P3 — operations + cut-over

P4 — driver KPIs + cost allocation

Push-receiver cut-over plan (P3)

Currently Tracksolid posts to a legacy endpoint at https://tshook.rahamafresh.com/pushalarm (a separate project that no longer benefits us). We poll every 30 s as a workaround. The cut-over moves us off polling and onto real-time push.

Why it's worth doing

Today (polling)After (push)
~30 s minimum lag from event to dashboard~1-5 s (push is event-driven)
~1 fix/min/vehicle when stationary, ~2/min when moving~5-15 s between fixes on motion; immediate for ACC/alarm events
Polyline cuts straight across roads (low-density fixes)Polyline traces actual movement (high-density fixes)
Alarms (ACC ON/OFF, SOS, geofence) buried in the polled snapshotAlarms arrive as their own typed events instantly
~4 Tracksolid API calls every 30 s = 11,520/dayZero outbound API calls for the main fix stream

What's already in place

What needs to happen (in order)

  1. Add dedup to state.position_history — migration 21. Add a unique index on (imei, occurred_at, source) (or insert with ON CONFLICT DO NOTHING). Without this, push + polling overlap will duplicate fixes during the mirror window and inflate trip distances.
  2. Synthetic-payload smoke test — curl a realistic Tracksolid push body at each receiver, confirm events.raw row appears, parser produces an events.parsed row, projector updates state.live_positions. Validates the path end-to-end before depending on real traffic.
  3. Tracksolid console: add the new URL alongside the legacy URL — this is a vendor-portal step, done by whoever manages the Fireside Tracksolid account. The exact URL list to paste:
    https://api.rahamafresh.com/push/jimi/pushgps
    https://api.rahamafresh.com/push/jimi/pushalarm
    https://api.rahamafresh.com/push/jimi/pushhb
    https://api.rahamafresh.com/push/jimi/pushevent
    https://api.rahamafresh.com/push/jimi/pushobd
    https://api.rahamafresh.com/push/jimi/pushfaultinfo
    https://api.rahamafresh.com/push/jimi/pushtripreport
    Token: the value of TRACKSOLID_PUSH_TOKEN (set in Coolify env).
  4. Mirror window (≥3 days) — both push and polling run. Compare daily counts per IMEI between push-derived and poll-derived fixes. Watch for: parser errors, auth failures, payload-shape surprises, dedup hit rate.
  5. Cut polling cadence — once mirror data shows push is delivering >95% of fixes, drop main polling from 30 s → 10 min as a sparse safety net (or disable entirely). Keep the stale-IMEI sweep for offline-recovery.
  6. Tracksolid console: remove legacy URL — once dispatchers confirm the new dashboard is showing identical or better real-time data, drop the legacy URL from Tracksolid. Hot-standby on our side for 48 h as fallback.
  7. Decommission legacy receiver project — final step; the old project at tshook.rahamafresh.com can be shut down.
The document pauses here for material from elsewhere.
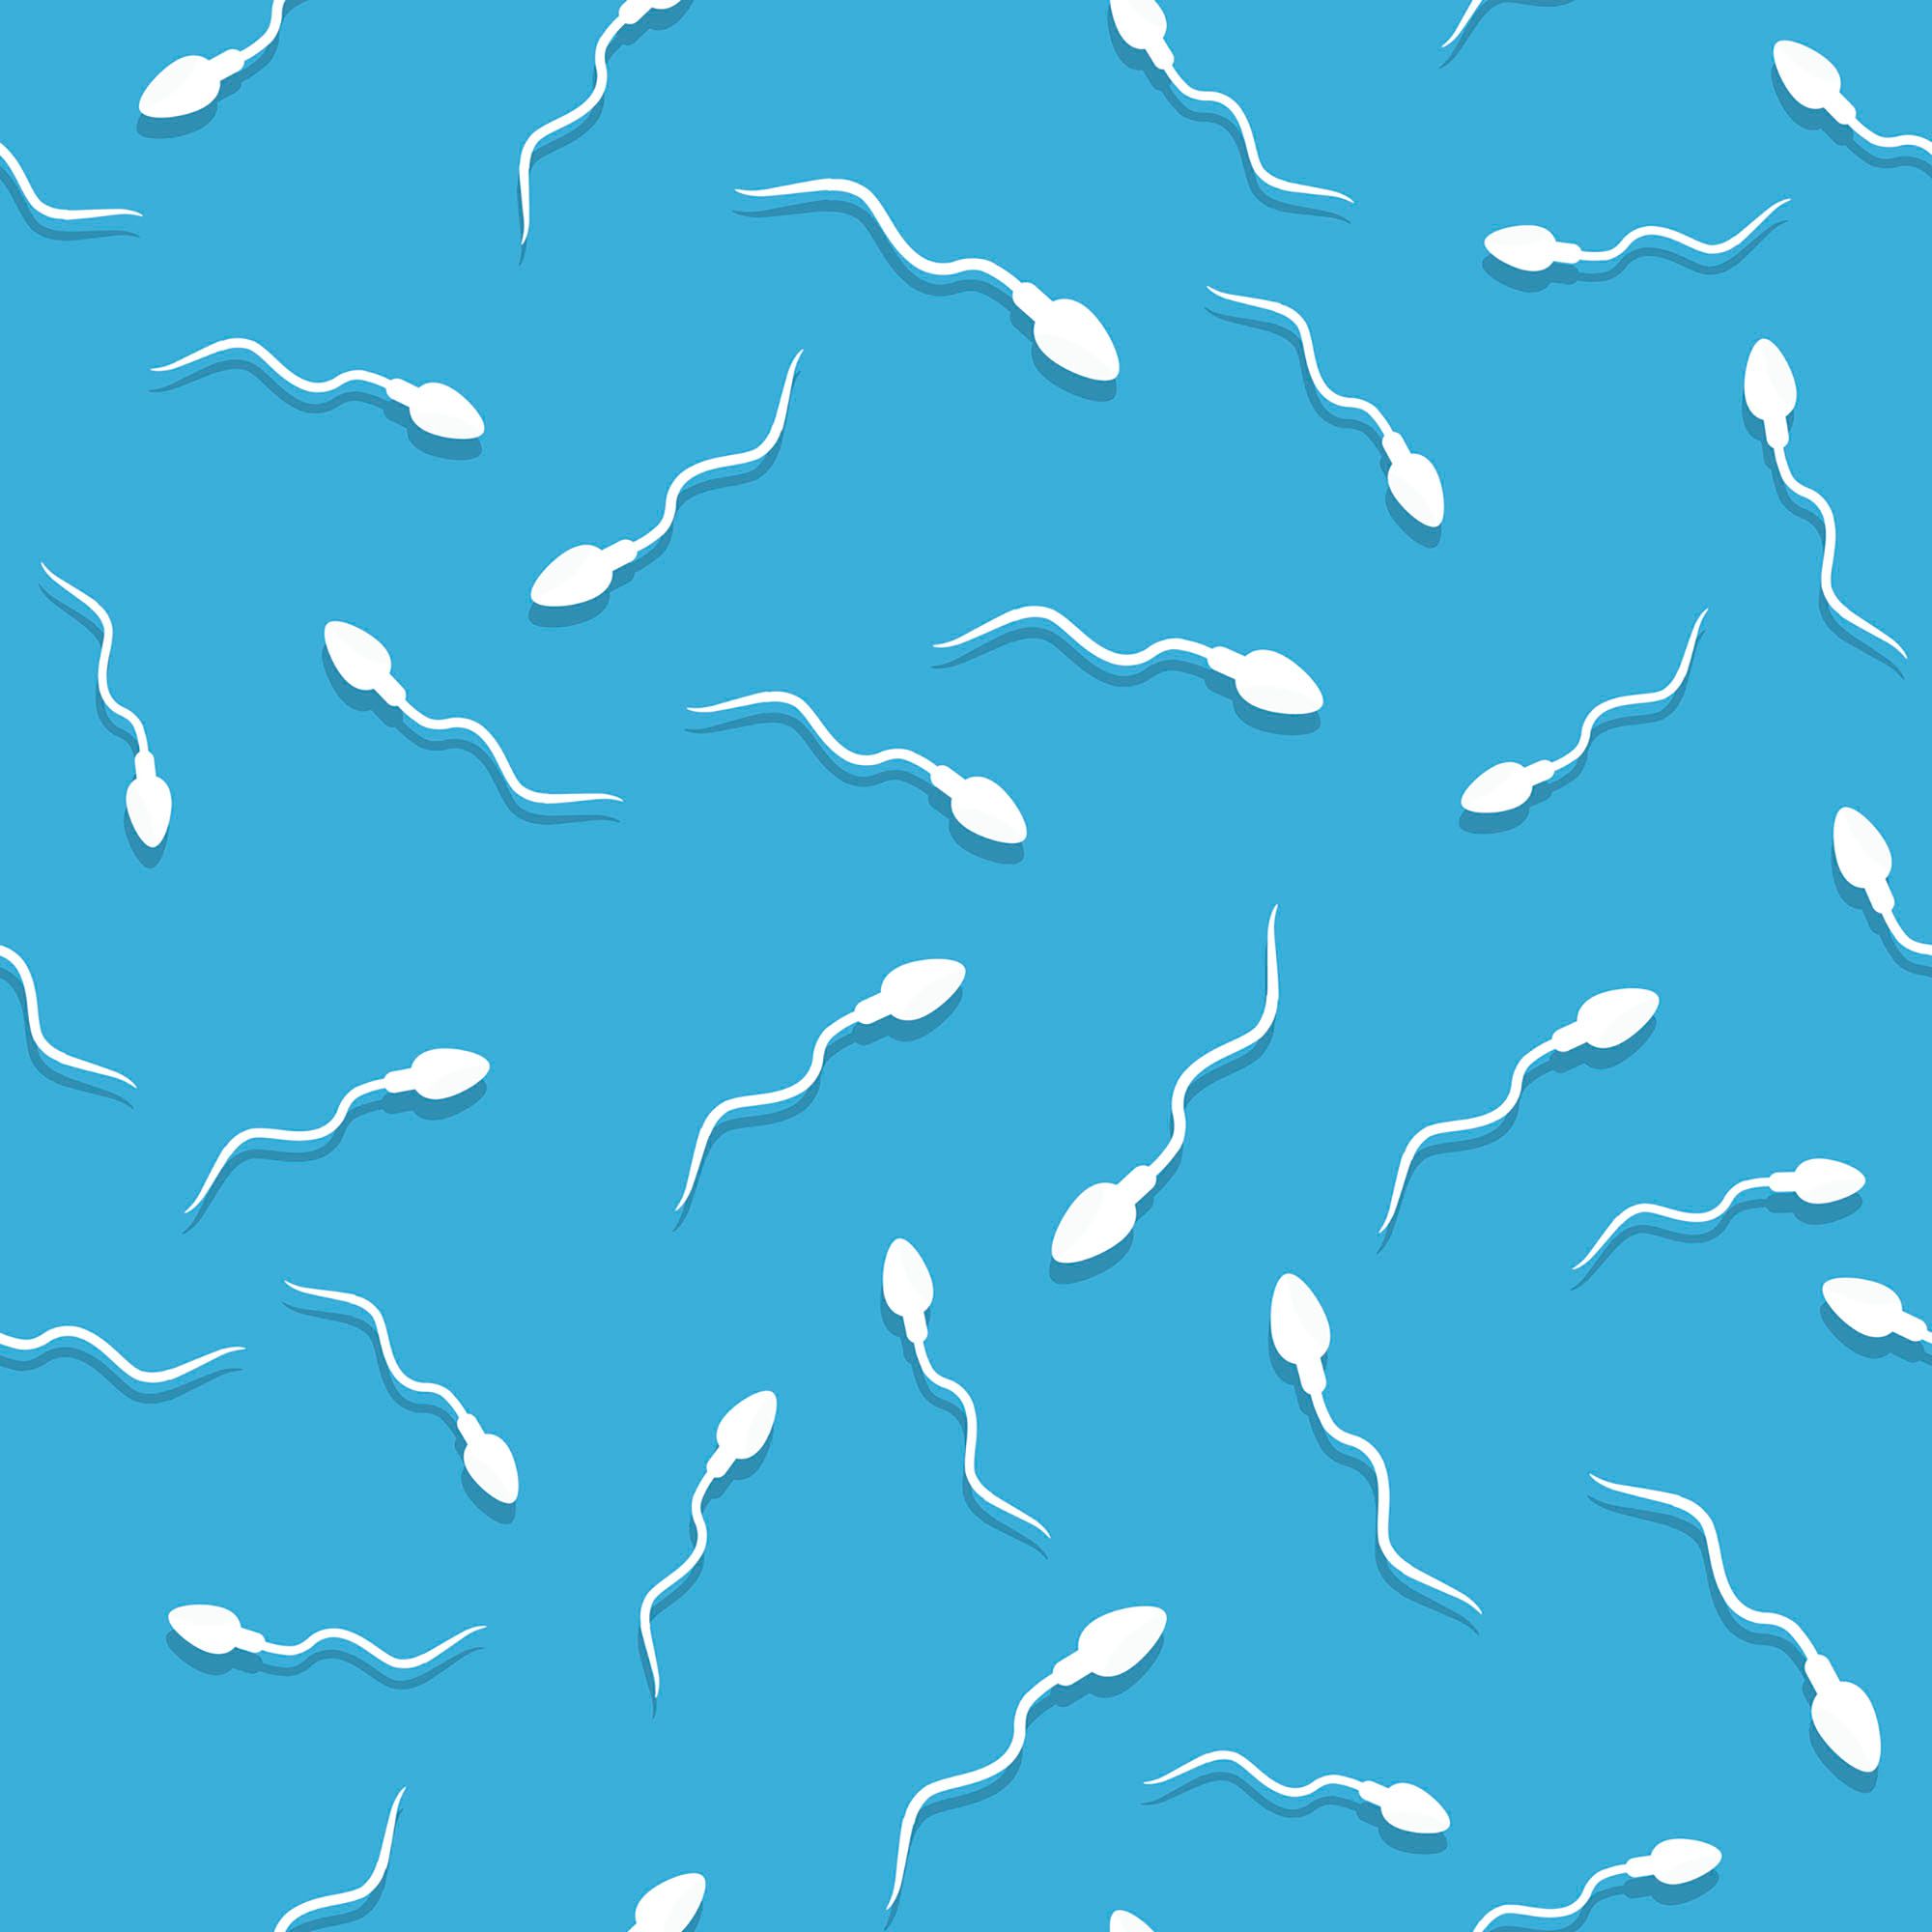 Bakterien im Sperma - Grafik von Spermien auf blauem Hintergrund.

What needs decisions before starting

Expected outcomes

Decisions log (significant ones)

DateDecisionRationale
2026-05-22Greenfield rebuild, no legacy reuseBranch divergence + race conditions in legacy made incremental patching unviable
2026-05-23Three container roles from one imageFate isolation without microservices overhead
2026-05-24CSV roster importTo enrich devices with real plates/drivers/cost-centres
2026-05-25CSV import fully rolled backSuffix-merge regression dropped vehicle count 144 → 124; underlying merge problem must be solved before any retry
2026-05-265-min thresholds (work stop, no-fix stop)Calibrated against 5 legacy report dumps; matches dispatcher mental model on clean data, cleaner on noisy data
2026-05-27Migrate from manual docker run → Coolify ComposeAd-hoc deploys were brittle; needed permanent infrastructure
2026-05-27Polling 60 s → 30 sMitigation for sparse polyline artifacts pending push cut-over
2026-05-27Remove SLO panel from top barUser pref — backend still computes, UI just hides
2026-05-27Light Carto Positron basemap + HQ POIHigher contrast for cost-centre marker tints; reference landmark
2026-05-27Per-trip colour coding in single-vehicle modeTrip cards ↔ map polylines pair visually at a glance

— end —